Are tattoos simply a fashion trend? Or, permanently inscribed into the skin, are they a piece of eternity, and thus precisely the opposite of fashion, which is driven by the thirst for change and renewal in permanence? Questions such as this are addressed in the latest issue of "Querformat", a magazine on art and popular culture. Tattoos have, or so we can read there, long since ceased to be symbols of social distinction, serving to identify social outsiders, a medium of stigmatizing the self or others, as used by sailors, criminals, prostitutes or hard rockers. Today, they are accepted in bourgeois society as a form of body art. In fact, for many years they can be encountered anywhere, in bars or on the beach, in the office or the lecture hall, on the train or at exhibition previews. Not least the tattoo on the upper arm of Bettina Wulff, Germany's erstwhile first lady, attested to the fact that they were now socially acceptable. She did not even deem it necessary to cover over the tribal tattoo during state receptions.

On returning from their expeditions to the South Seas in the 18th century, Louis Antoine de Bougainville, James Cook and Georg Forster were able to tell endless tales of their sensational finds – exotic animals, plants, peoples and customs. And not least bodies, covered all over with "punctures", and with colored lines. Since then, tattoos have prompted both admiration and disgust in Europe. Even today there are very few people who do not react to them one way or the other. So what is it that prompts 21st-century European urbanites to get a tattoo? The sweet poison of self-enhancement, gained from overcoming pain? The symbolic properties of the images? The importance of what the text says? The prospect of impressively striking fear into others' hearts? Membership of a community of "noble savages" who enjoy erotic joys without taboos? An inclination to favor the culture of protest and antibourgeois stances, such as was so often to be found among the tattoo-craven 19th-century aristocrats, dandies, and artists? London-based photographer Alex MacNaughton decided not to leave the visual culture of tattooing to the sociologists and postcolonial studies specialists. Instead of opting for long-winded explanations, historical decoding and iconographical interpretations, he takes clear and sober stock. His book "London Tattoos", a handy paperback, assigns 4-10 pages to each tattooed person featured. Each starts with a full-body portrait of the person in their everyday clothes, taken in a neutral white cube. Then a page of copy follows, providing their name and age, a brief self-description and a list of which parts of their body bear tattoos. The remaining pages are dedicated to cropped close-up shots of the more or less naked body, emphasizing the individual images.

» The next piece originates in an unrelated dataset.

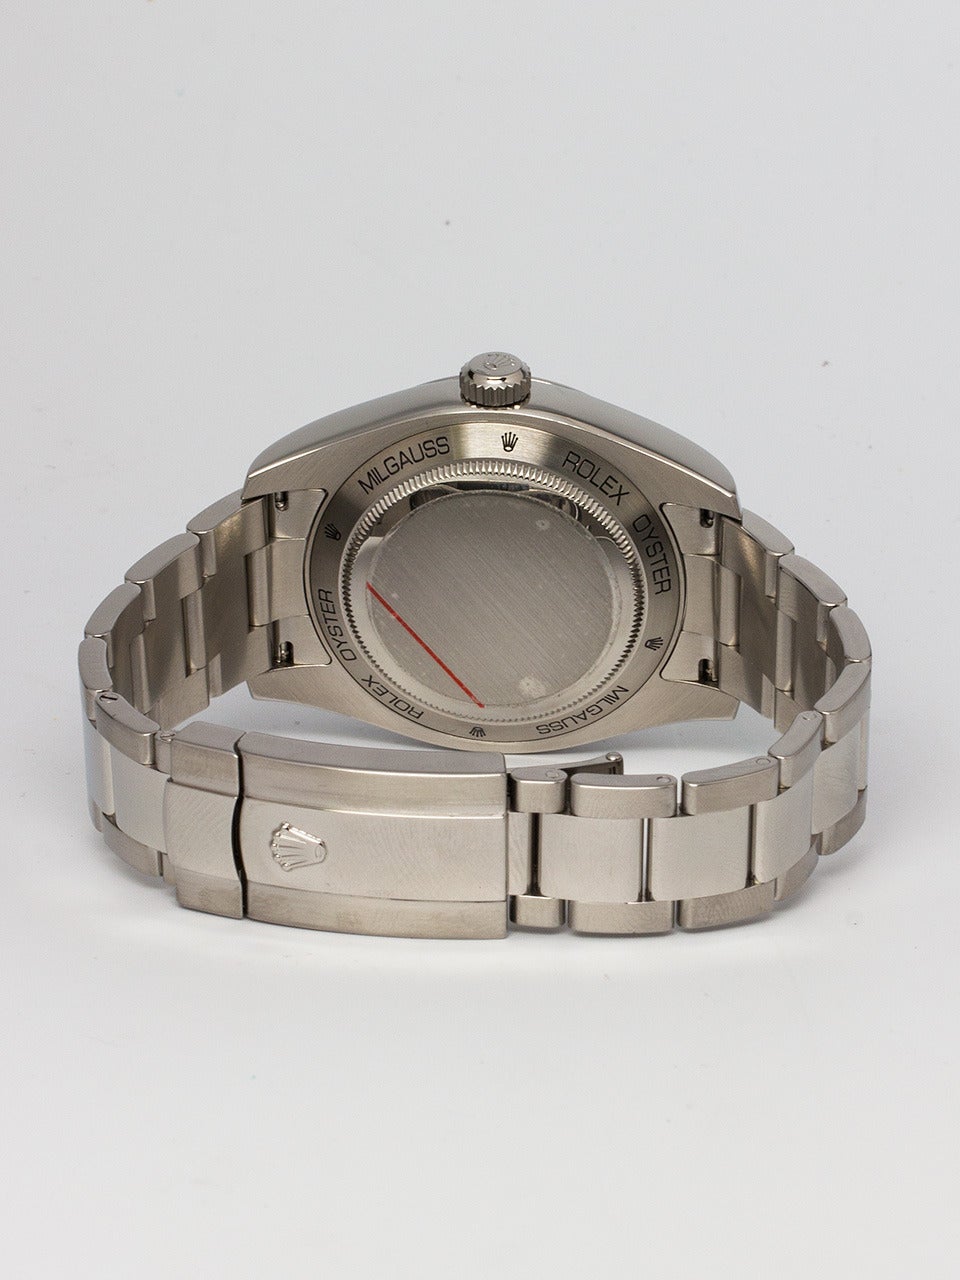 Men's Rolex Stainless Steel Milgauss Chronometer Wristwatch Ref 116400

Needless to say, these photographs are a true source of inspiration with their marvelous glory of blossoms, tigers and skulls, resplendent in colors, or in the Sailor Jerry style, the precision of the outlining, etc. Even more impressive is how mutable man is. And that is something MacNaughton's book concept highlights superbly. Because where the Londoners drop their cloths, they likewise shed their roles and functions. What emerges is soft, violable skin that, having become a screen, describes personal preferences and emits personal messages. Thus, Nicola Redford first presents herself as a typical businesswoman in a black suit. She has barely removed her jacket and we already see a pair of swallows in love, cheekily surrounding a red rose and tweaking at the petals. In keeping with Chinese templates, the background is in sky blue, a magnolia branch protruding decoratively into the image. So why did Nicola Redford choose this of all themes? Quite simple: she likes it.

By contrast, Alice Temple has a huge skull decorating her back, while her waist sports ornamental signatures by Lucy and Daisy, citing other motives. What was important here was not the theme, but the artist, in her case artist Nicole Low. She gave Low as good as free rein. Unlike Bee Nguyen, who wanted to bear a sign on her body that is as unique as is she and so boasts a skyline to the left of her chest, her travels presented in a few lines: the linear structure brings together Japanese mountains, the Empire State Building, the Eiffel Tower and Big Ben.

Hayley Hayes achieves one of the most astonishing metamorphoses. With her brown cardigan, beige shirt and jeans, there's nothing to suggest that she is a professional tattoo artist. Yet when she sheds her clothes, a veritable firework display emerges, blooms encircle her arms like lacey garments, and seen from behind there's not a square inch of her body that does not bear flowers, stars, butterflies, dragonflies and leaves. Why, she asks, should she live with a pallid uninteresting skin when she can decorate it with so many colors and patterns? Photographer Richard Sawdon Smith also proves to be very revealing. Initially very much the tight-upper-lip British gent in a suit, on the pages that follow he presents his innermost joys. Beneath his canary-yellow shirt there's a tattoo that transforms his subcutaneous veins into an image on his skin, thus doubling them by way of illustration. As if in an anatomy atlas we see the arteries and veins, and can even study the myocardial on a "living" object. Richard Sawdon Smith tells readers that since he suffers from an incurable disease that requires regular blood tests, he wanted to make it easier for the doctors or nurses to take his blood.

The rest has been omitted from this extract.